Seite wählen

Tornado – Extend Icinga 2 for Active and passive Monitoring of complex heterogeneous IT Environments by Francesco Cina & Patrick Zambelli | OSMC 2019

von | Aug 11, 2020 | Icinga, Monitoring, OSMC

This entry is part 3 of 4 in the series OSMC 2019 | Recap

At the Open Source Monitoring Conference (OSMC) 2019 in Nuremberg, Francesco Cina and Patrick Zambelli whirled up a „Tornado – Extend Icinga 2 for active and passive Monitoring of complex heterogeneous IT Environments”. If you missed their presentation: See the video of their introduction to Tornado and its use cases, and read a summary (below).

The OSMC is the annual meeting of international monitoring experts, where future trends and objectives are set. Since 2006 the event takes place every autumn in Nuremberg, Germany.
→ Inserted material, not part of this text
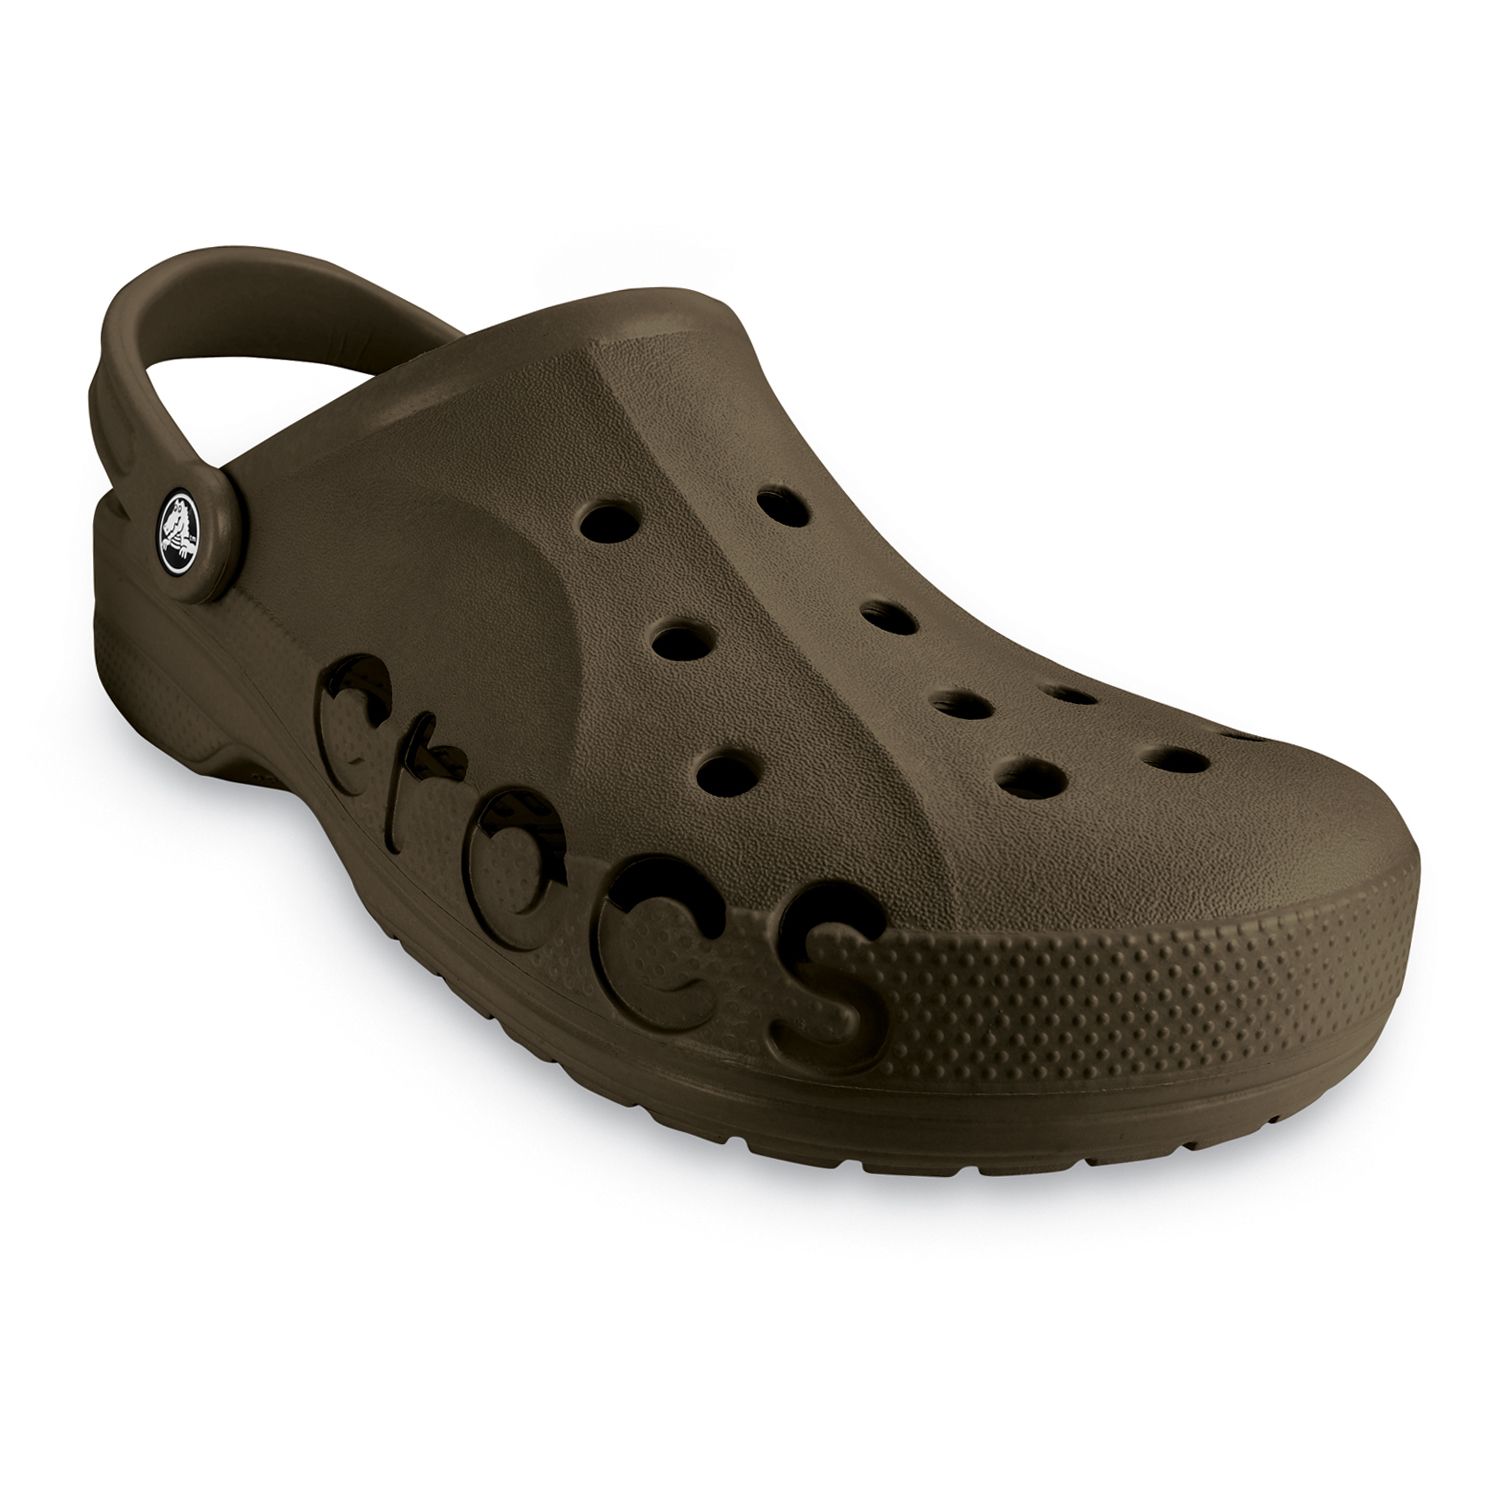 Crocs Baya Men's Clogs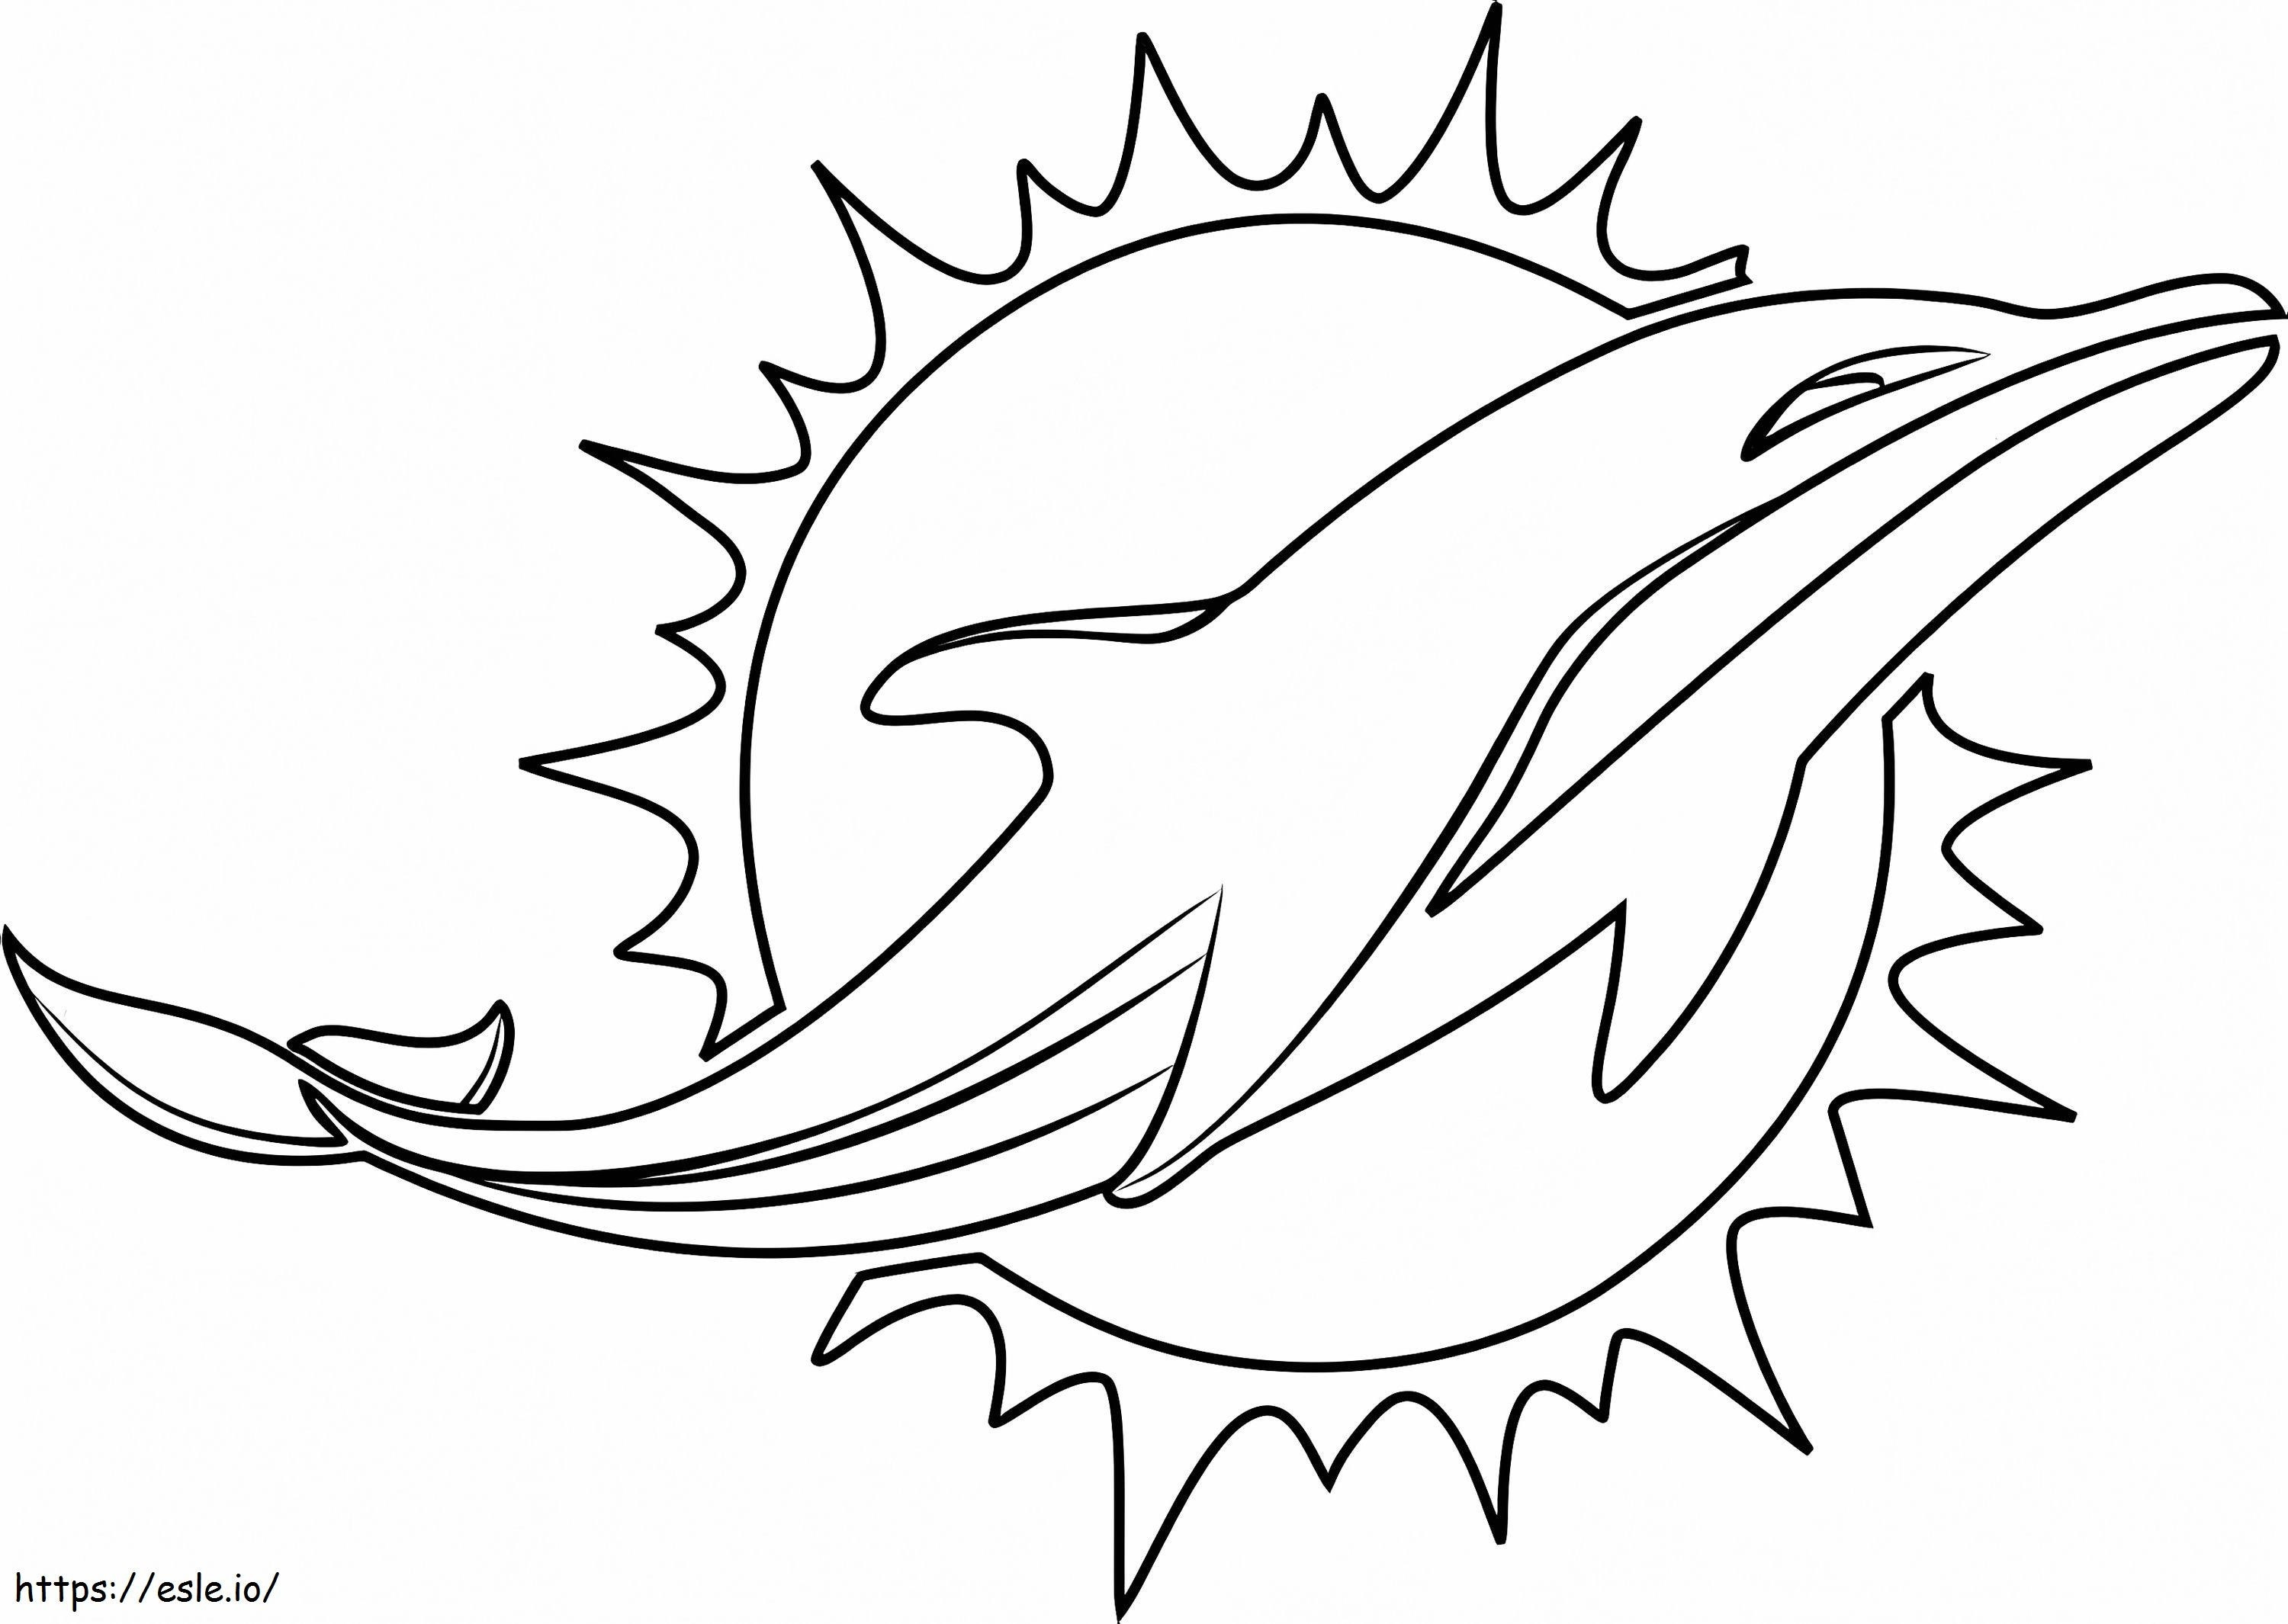 Miami Dolphins-logo kleurplaat kleurplaat

Leading specialists present the full scope of Open Source monitoring and be ready to answer your hardest questions. Learn new techniques, exchange knowledge and discuss with top developers.

In-depth workshops the day prior to the conference and a Hackathon provide further possibilities to extend your skills and deepen your knowledge in IT monitoring and management.

The next OSMC takes place in 2021 in Nuremberg.
More information at osmc.de.


 

Tornado – Extend Icinga 2 for Active and passive Monitoring of complex heterogeneous IT Environments

Monitoring Challenges: Pool vs. Event.

First of all we have to explain the difference between Pool and Event approach. Icinga and nagios use the polling approach, which is scheduling monitoring or checks in a static time interval to get a specific state. You can derive from this state if the status from monitored device or service is critical or ok. That means, we know not only the results of monitoring but also the monitored systems. By Polling we have centralized configuration and control. This will be performed either agentless e.g. SHH, SNMP or through an agent for example Icinga, NSClient++.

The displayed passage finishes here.